С точки зрения обеспечения энергоносителями главным последствием событий 11 сентября в США стал возврат к забытой было идее о том, что импорт нефти создает прямую угрозу для национальной безопасности. На тот момент на ближневосточную нефть приходилось примерно 23 % импорта США и всего 14 % от общего объема потребления. Но именно ближневосточная нефть стала символом «энергетической зависимости» и сопряженных с ней угроз. Многие американцы считали, что вся импортируемая в США нефть поставляется с Ближнего Востока. Поэтому мантра «энергетической независимости», бывшая неизменным рефреном в американской политике после нефтяного эмбарго 1973 г., вновь обрела актуальность.
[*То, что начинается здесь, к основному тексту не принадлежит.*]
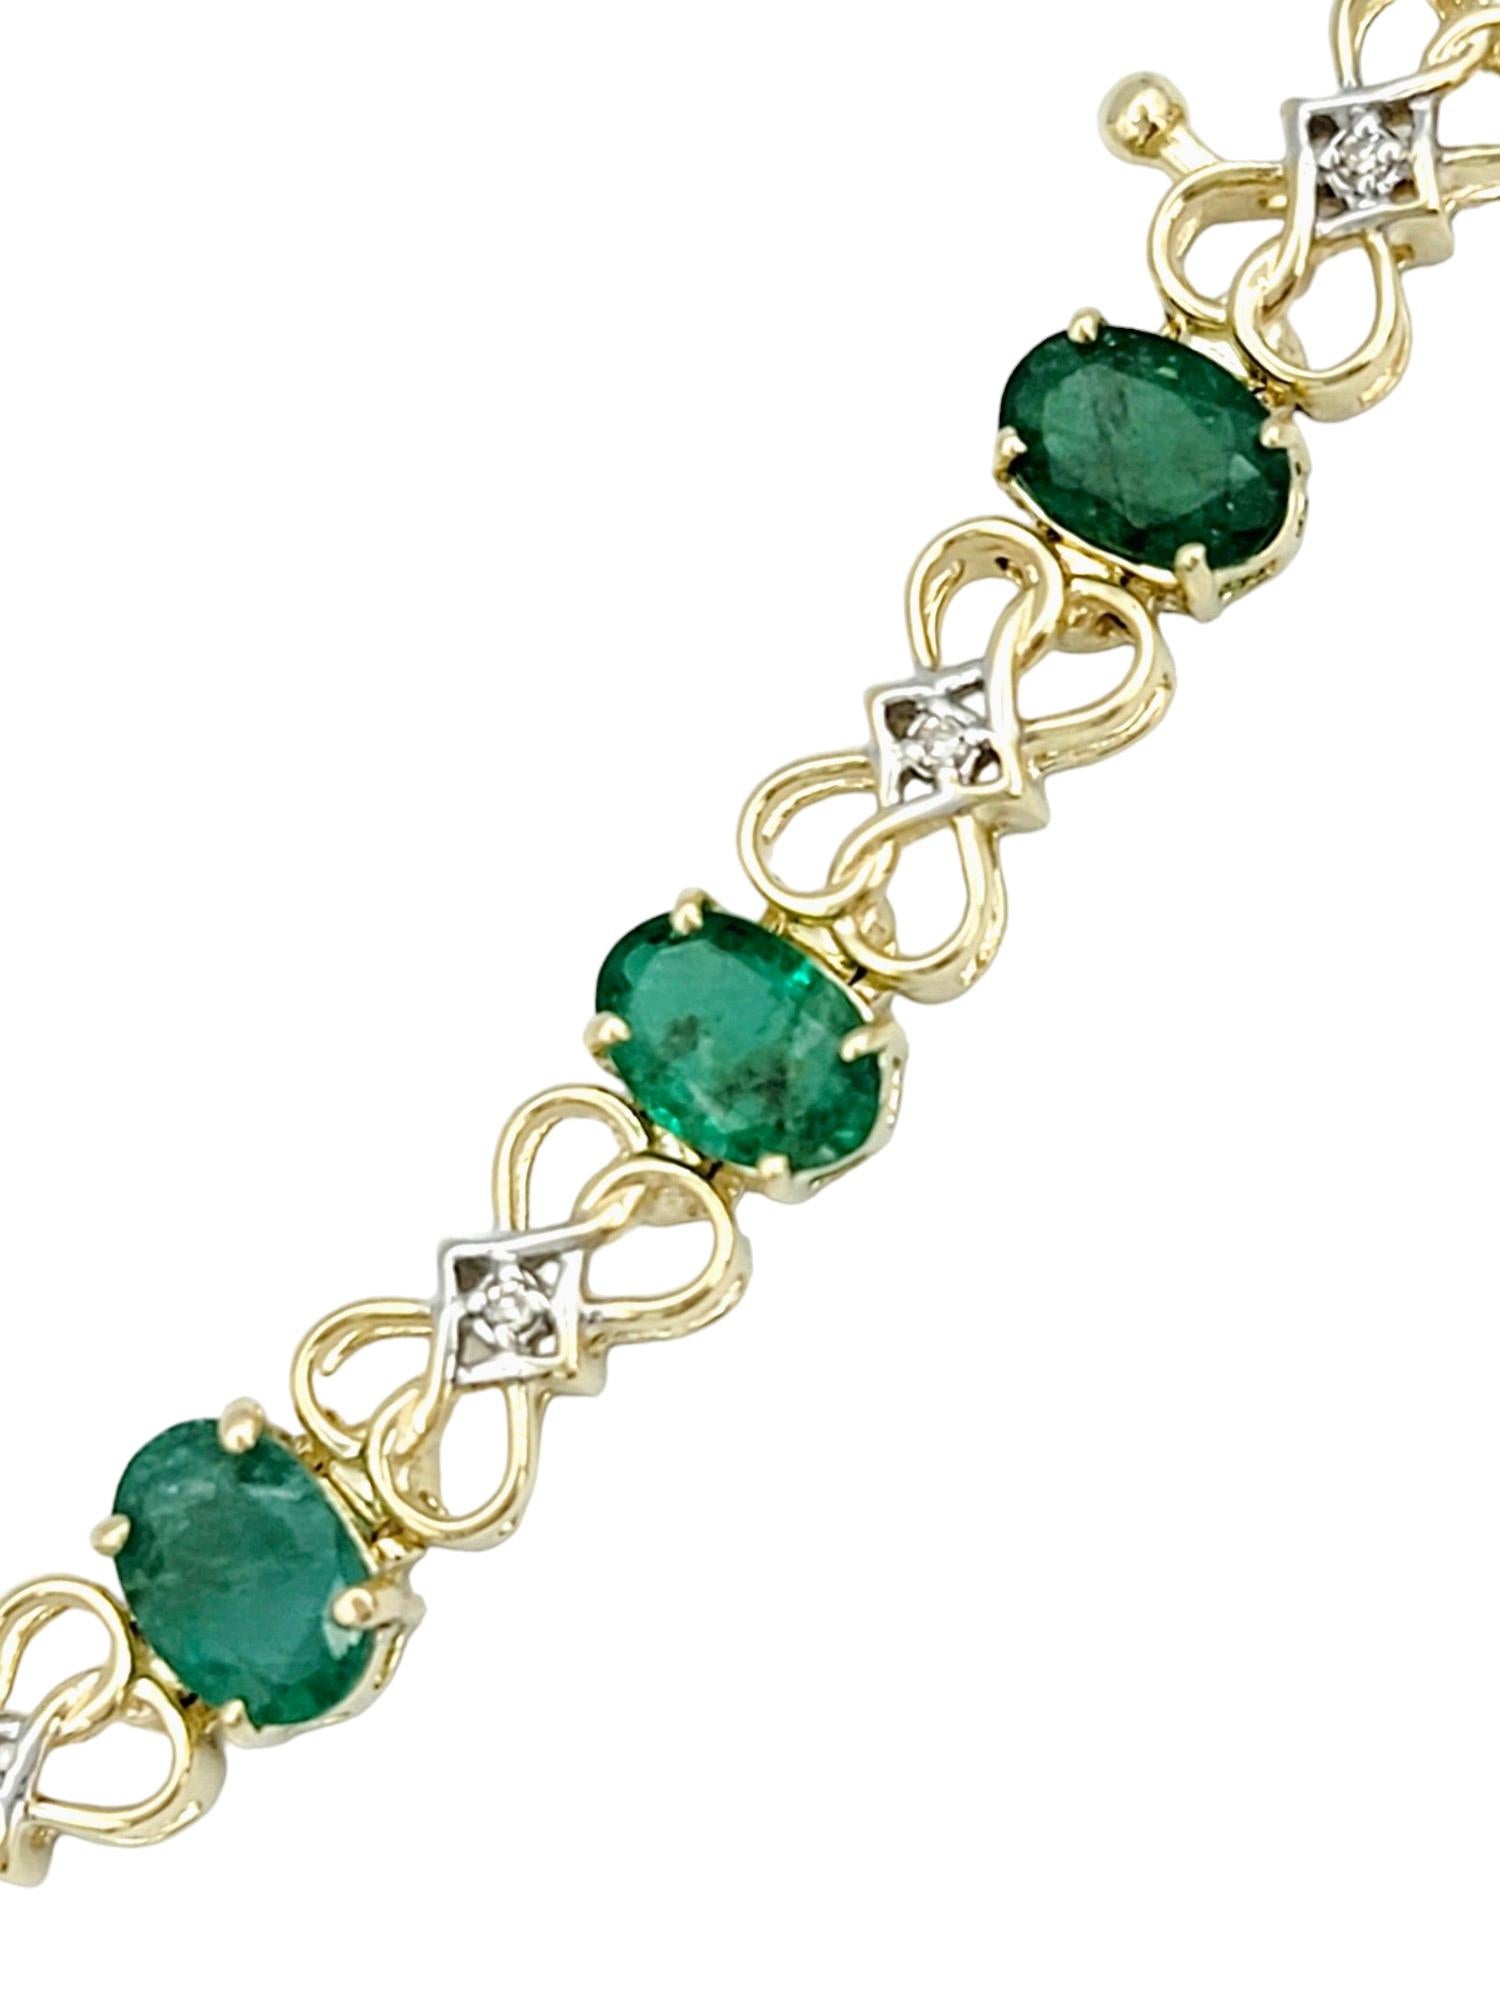 This elegant 14 karat gold tennis bracelet is a breathtaking testament to the timeless allure of emeralds and diamonds. The bracelet's design is a harmonious interplay of vibrant oval emeralds, each exuding a lush green hue, and infinity loop motifs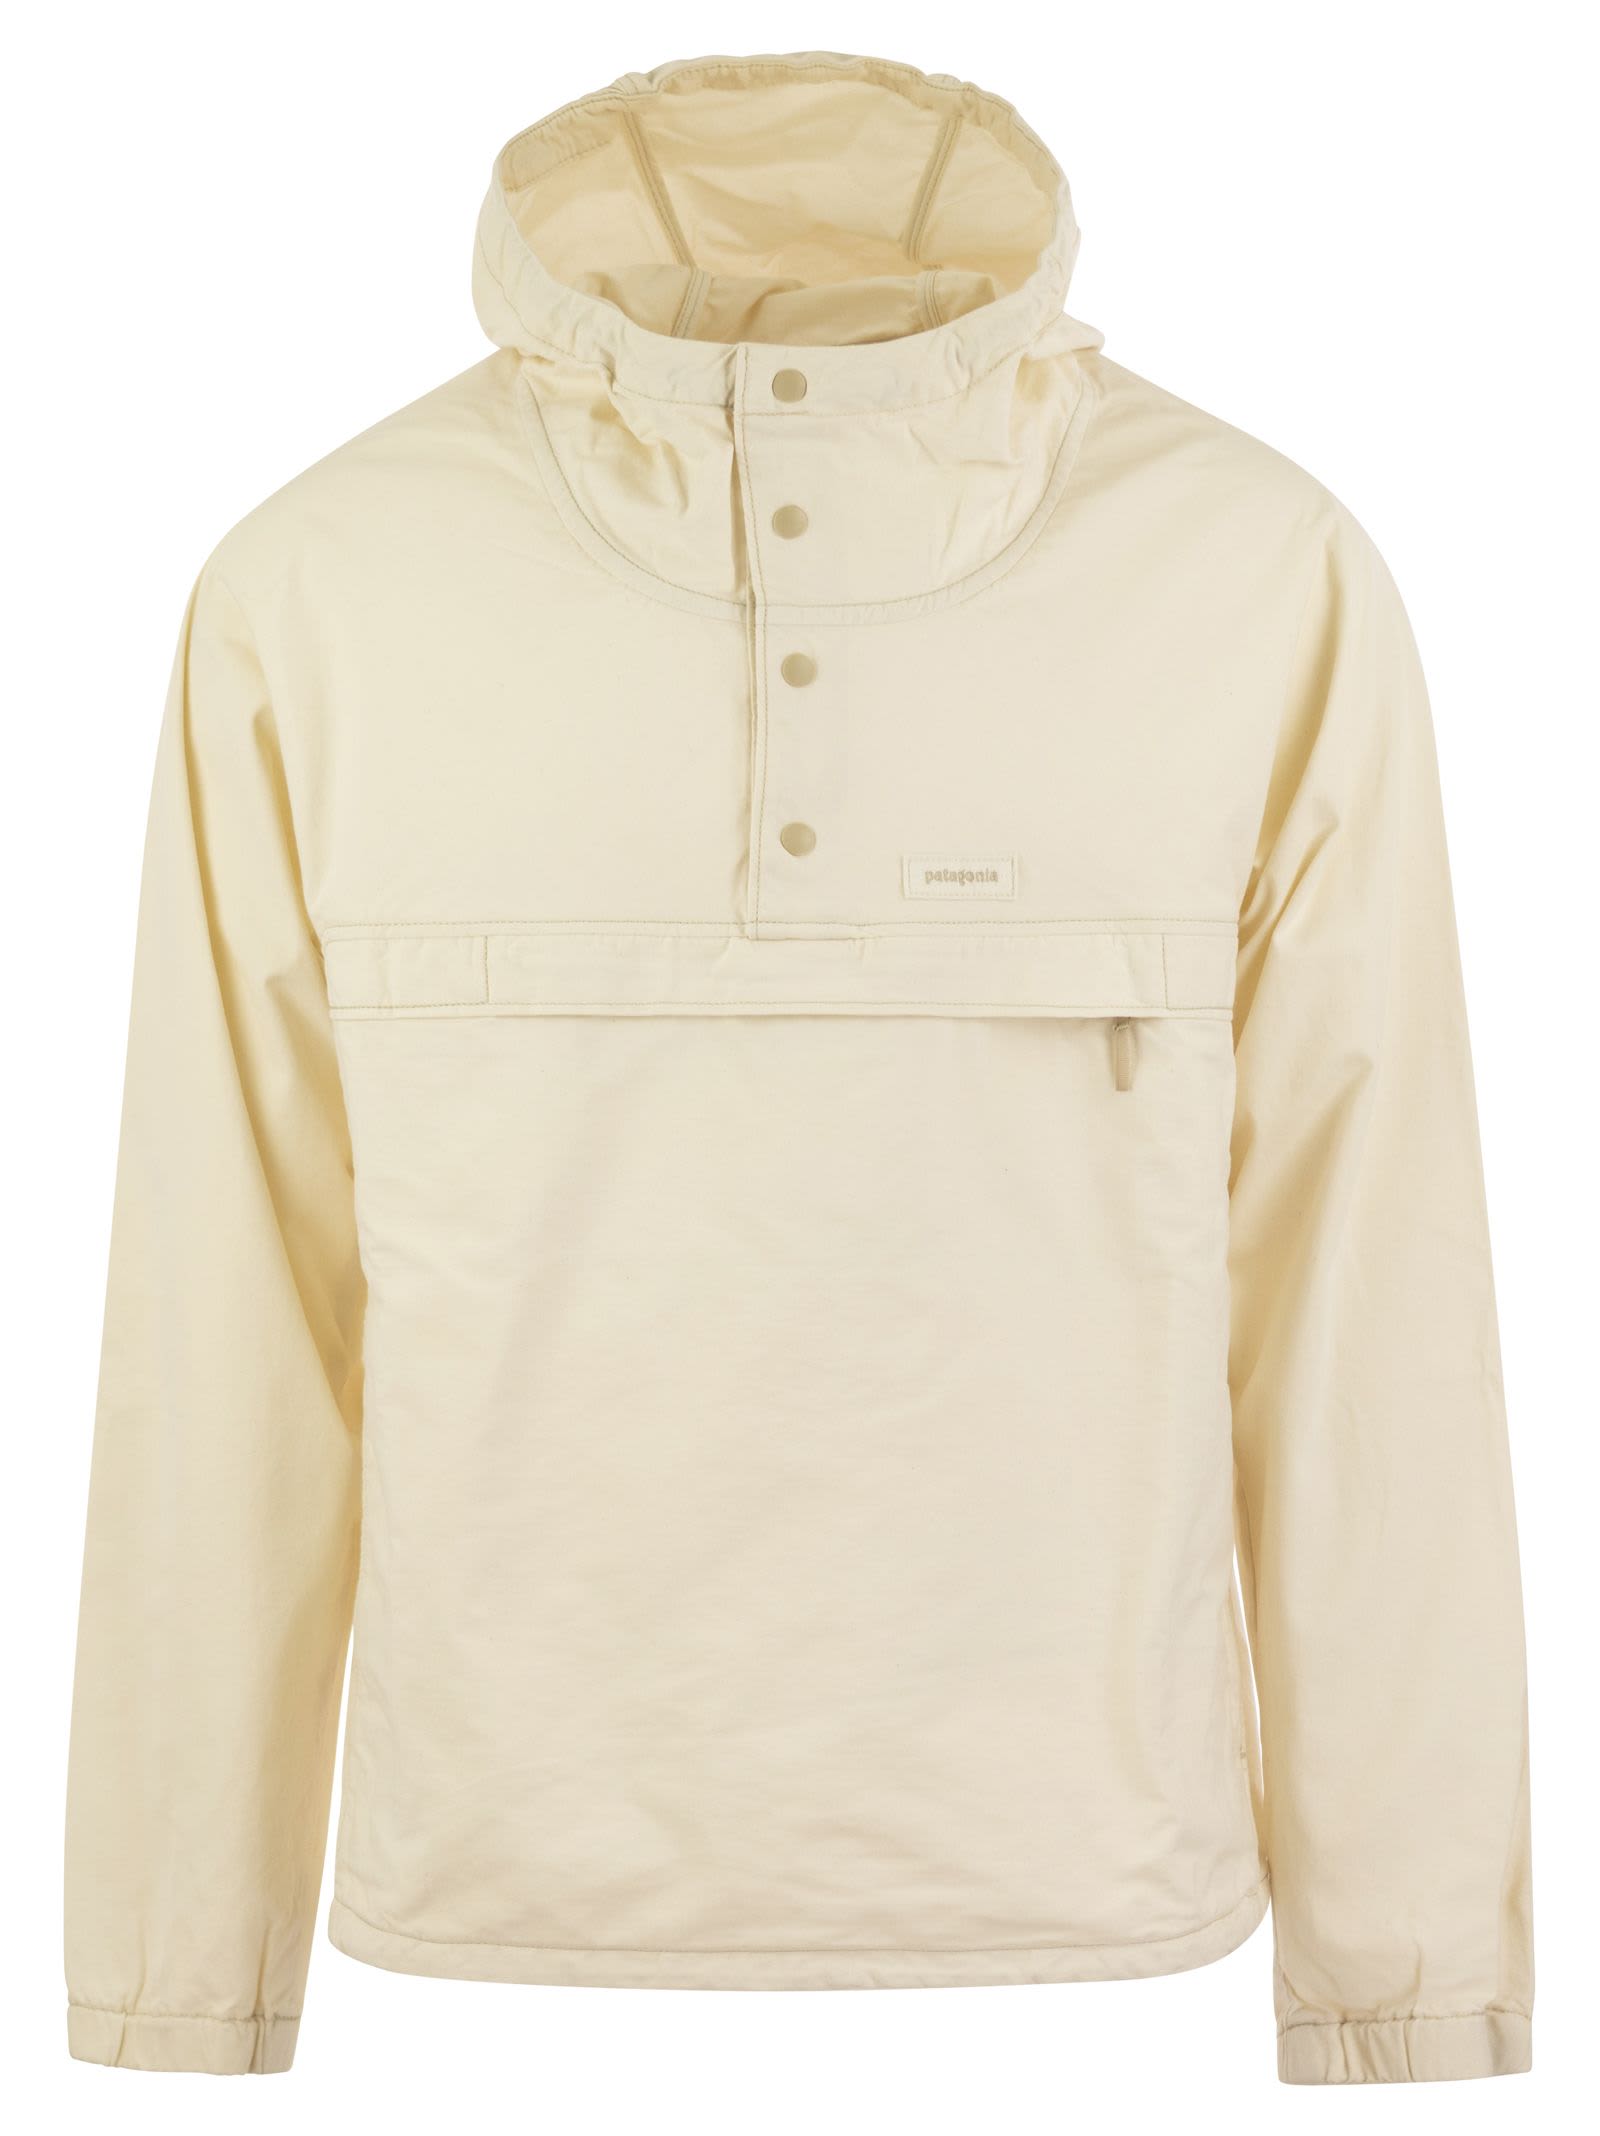 Funhoggers Pullover Jacket

Теракты 11 сентября фактически не отразились на ценах на нефть. Даже в 2004 г. ожидания были таковы, что при существующей рыночной конъюнктуре цены и дальше будут оставаться в этом «умеренном» диапазоне. Однако за следующие четыре года, с 2004 по 2008 г., цены на нефть продемонстрировали головокружительный рост, достигнув исторического максимума $147,27 за баррель, с далеко идущими последствиями для мировой экономики. Рост цен привел к глобальному перераспределению доходов и политического влияния, пошатнул уверенность людей в настоящем и вызвал тревогу по поводу будущего. Он в очередной раз подчеркнул центральную роль нефти в современном мире и одновременно дал новый стимул к развитию новых источников энергии, чтобы снять зависимость от ископаемого топлива.
Как и большинству значительных событий в делах человеческих, этому скачку цен трудно дать объяснение. Прежде всего, он был обусловлен спросом и предложением на рынке, а также существенными, хотя и большей частью непредвиденными переменами в мировой экономике. Разумеется, критическое значение имела дестабилизация обстановки в мире и очередной всплеск ресурсного национализма. Однако все большую и большую роль играли силы и инновации, связанные с финансовыми рынками. Другими словами, то, что произошло с нефтяными ценами, было свидетельством глубоких изменений как в самой нефтяной отрасли, так и во всем мире.
Теракты 11 сентября нарушили стабильность в мире, подорвали международные связи, изменили отношение к нефти. Но они не прервали поставок. Осенью 2002 г., т. е. более чем через год после событий 11 сентября, не было ни малейшего намека на то, что могут начаться проблемы с поставками. Можно было предположить все что угодно, кроме этого. «Цены на нефть падают на фоне стремительного роста глобальных поставок» гласила статья в отраслевом журнале. Но очень скоро ситуация резко изменилась2.
Череда кризисов в трех крупных странах-экспортерах привела к перебоям с поставками, чему также способствовали силы матери-природы. По отдельности ни один из этих факторов не был достаточным для того, чтобы нарушить равновесие на нефтяном рынке. Но вместе они вызвали серьезный спад потока поставок, из-за чего в течение следующих пяти лет растущая мировая экономика недополучала значительные объемы столь необходимых ей углеводородов.